When a Pachyderm member asked him to elaborate on the problems between Boehner and Huelskamp, Morris responded, "Well, I don't know how much I should say. There's a major conflict between the speaker and the congressman and I think his thought is if Manhattan's represented by that congressman, funding will not show up. That's the bottom line."

Karen Steward, a spokeswoman for Huelskamp, said her boss "has an open dialogue with the speaker and the rest of the House leadership."

"He met with them just last week to talk about tax policy," she said.

Steward said Huelskamp had not told the state Legislature to leave Manhattan out of his district, and he doesn't think including it in the 1st District would hurt funding chances for NBAF.

"He hasn't had the opportunity to visit with Sen. Morris this year," she said.

Huelskamp, R-Fowler, served as a state senator, with Morris as Senate president, until he was elected to Congress in 2010.

Huelskamp has emerged as a spokesman for the tea party-inspired freshman representatives, demanding deep cuts in federal spending. He visibly split from Boehner last August over a Boehner-Obama agreement to raise the federal debt ceiling and reduce federal spending over time.
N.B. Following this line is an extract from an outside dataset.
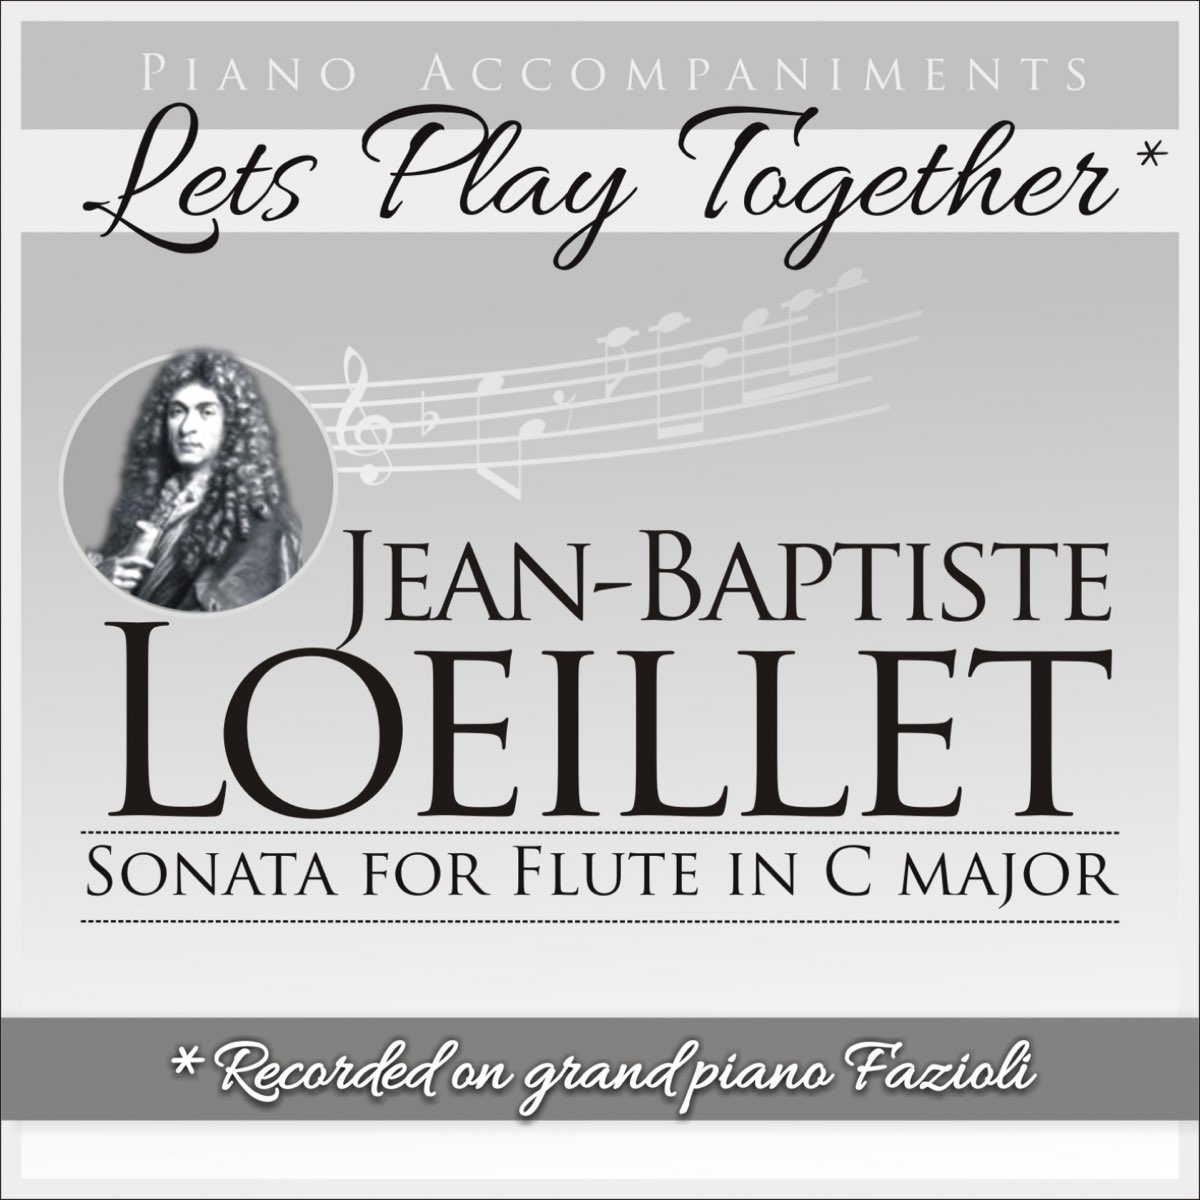 Jean-Baptiste Loeillet de Gant: Flute Sonata in C Major (Piano  Accompaniment, Let's Play Together) - EP by Piotr Bialas on Apple Music

He criticized the deal on numerous talk shows and in print interviews, arguing it didn't cut spending enough.

In December, he again criticized U.S. House leadership for accepting a compromise to extend recession-spawned payroll tax cuts for two months. He said in a news release then that he wanted to see a longer extension of the cuts, and that "the House has caved yet again to the president and Senate Democrats."

Nothing has been resolved in Kansas on redrawing congressional and state House and Senate boundaries, which is done every 10 years when new census figures come out.